* [PROBLEM]:
Could you give the data that follows again exactly, without its pictures?

* [RAW DATA]:
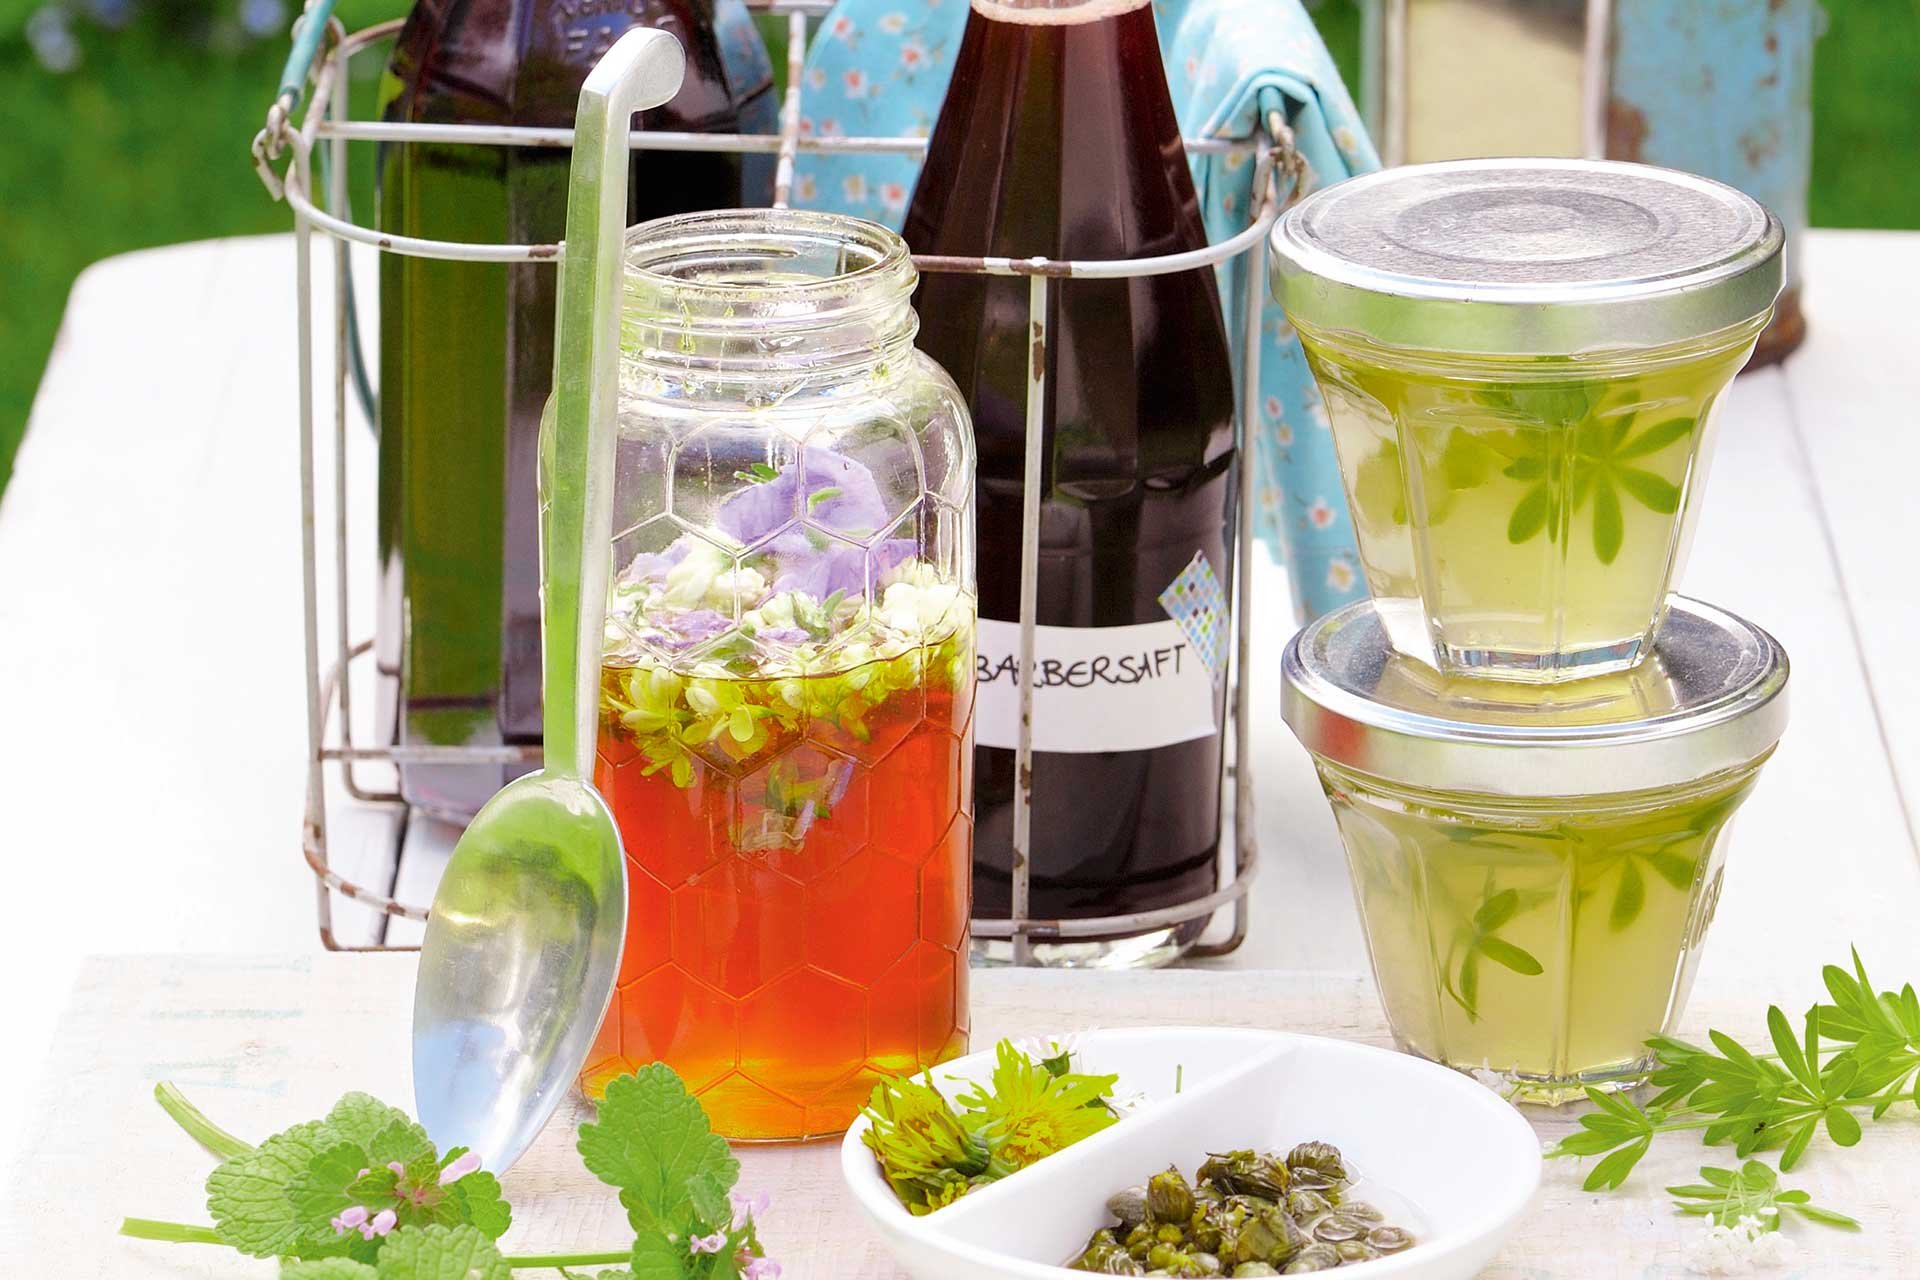 Alkoholfreie Getränke spielen in der gehobenen Gastronomie eine stetig wachsende Rolle,  seien es Sirup, Frucht- und Gemüsesäfte oder Tees.
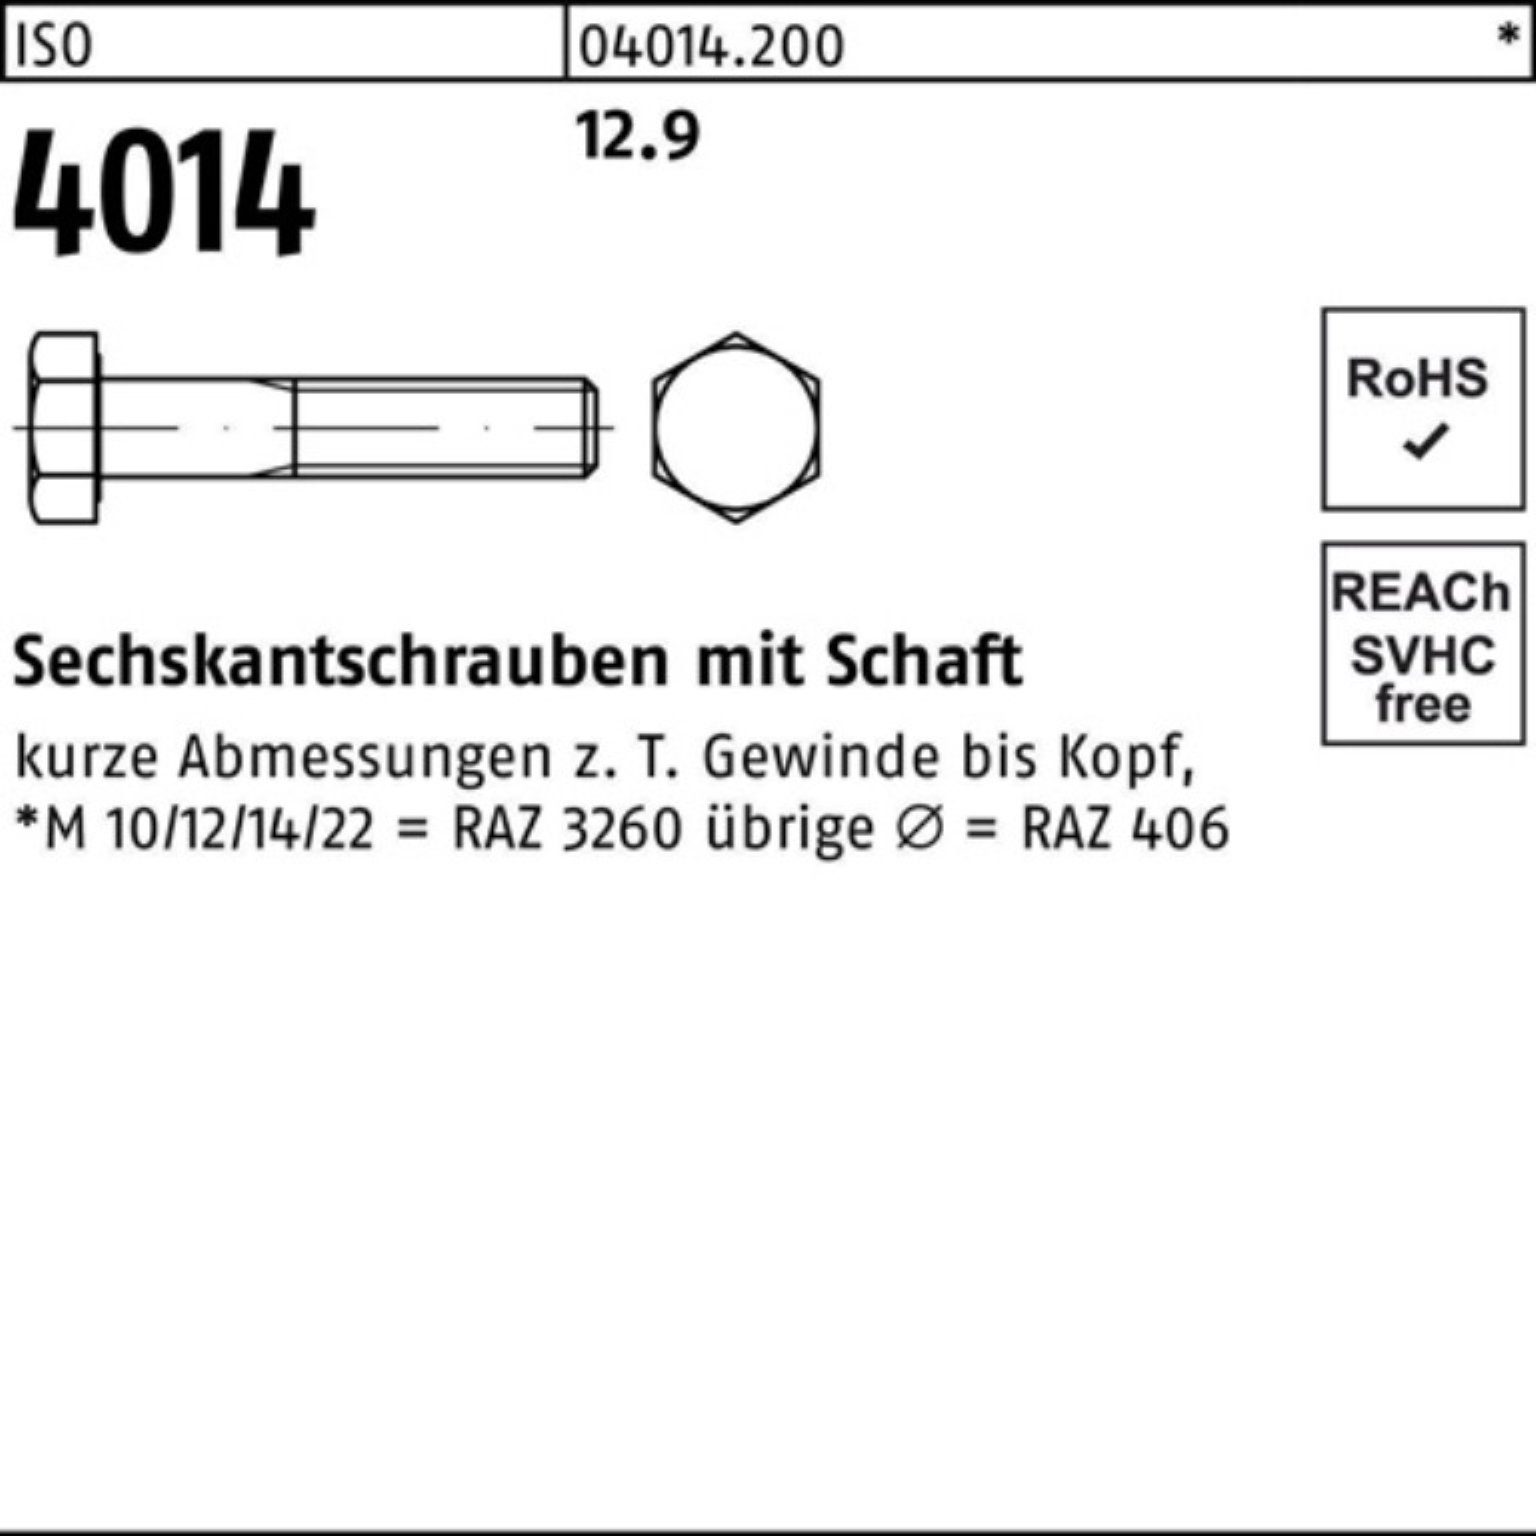 160 I 25 ISO Schaft Sechskantschraube Sechskantschraube M20x 4014 100er Stück Pack 12.9 Bufab
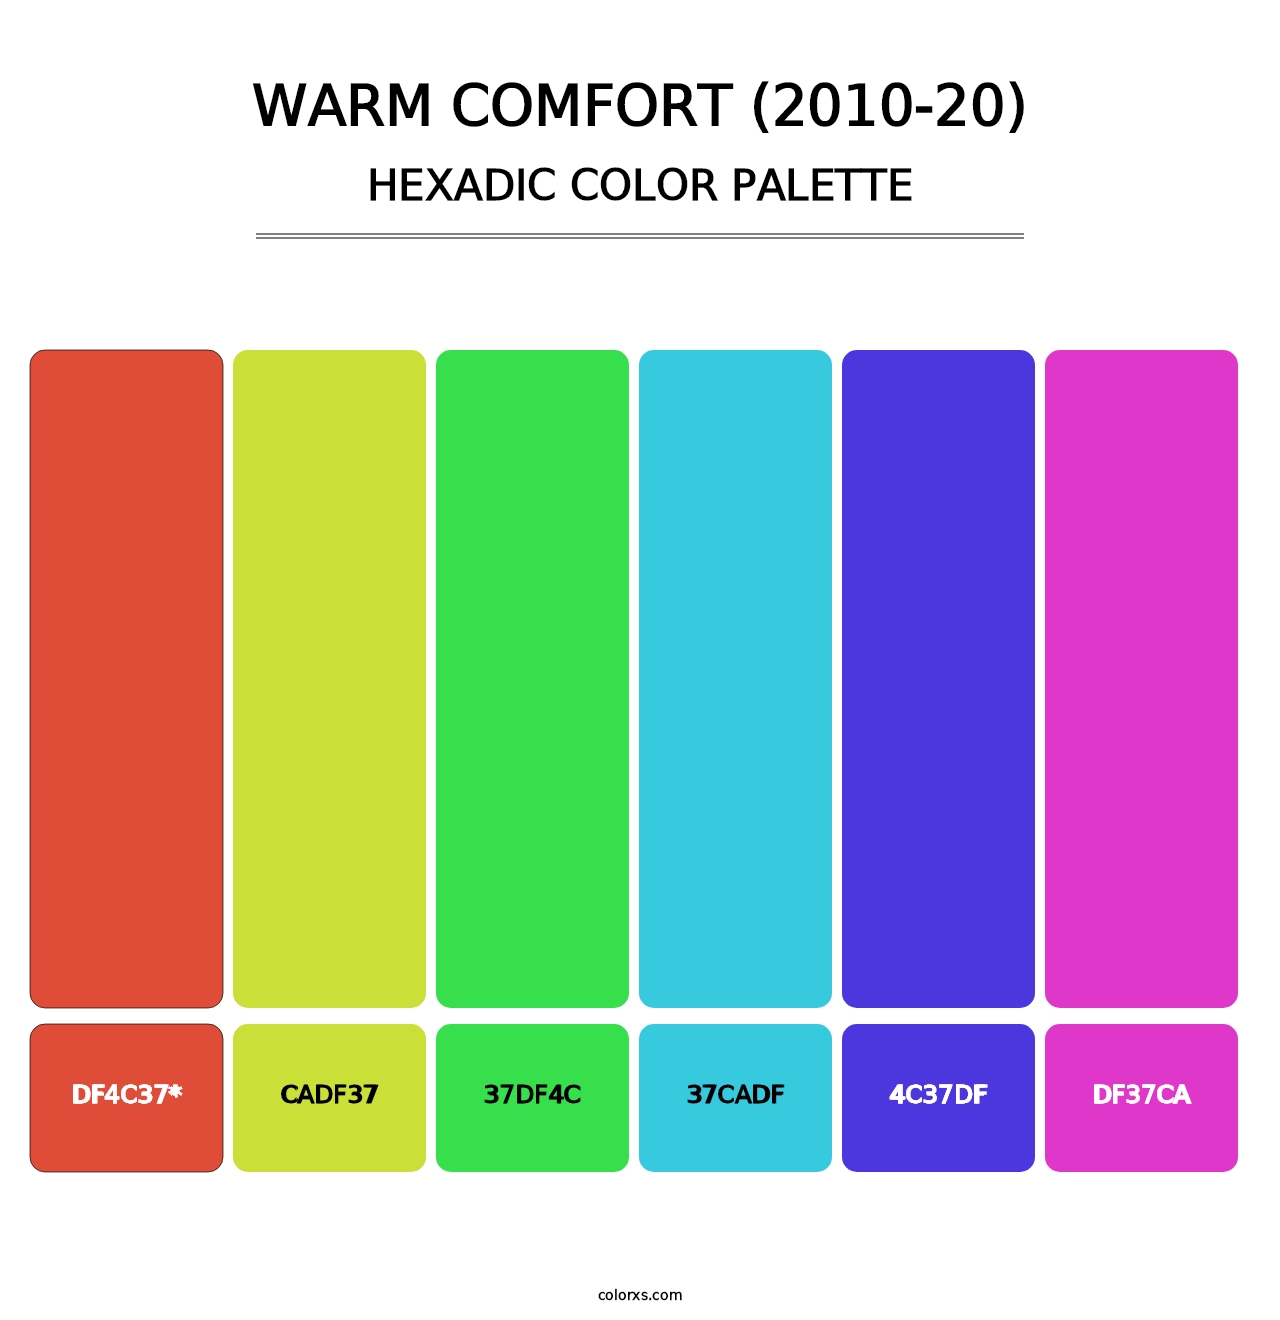 Warm Comfort (2010-20) - Hexadic Color Palette

* [RESULT FOR THIS TASK]:
 Alkoholfreie Getränke spielen in der gehobenen Gastronomie eine stetig wachsende Rolle,  seien es Sirup, Frucht- und Gemüsesäfte oder Tees.
 160 I 25 ISO Schaft Sechskantschraube Sechskantschraube M20x 4014 100er Stück Pack 12.9 Bufab
 Warm Comfort (2010-20) - Hexadic Color Palette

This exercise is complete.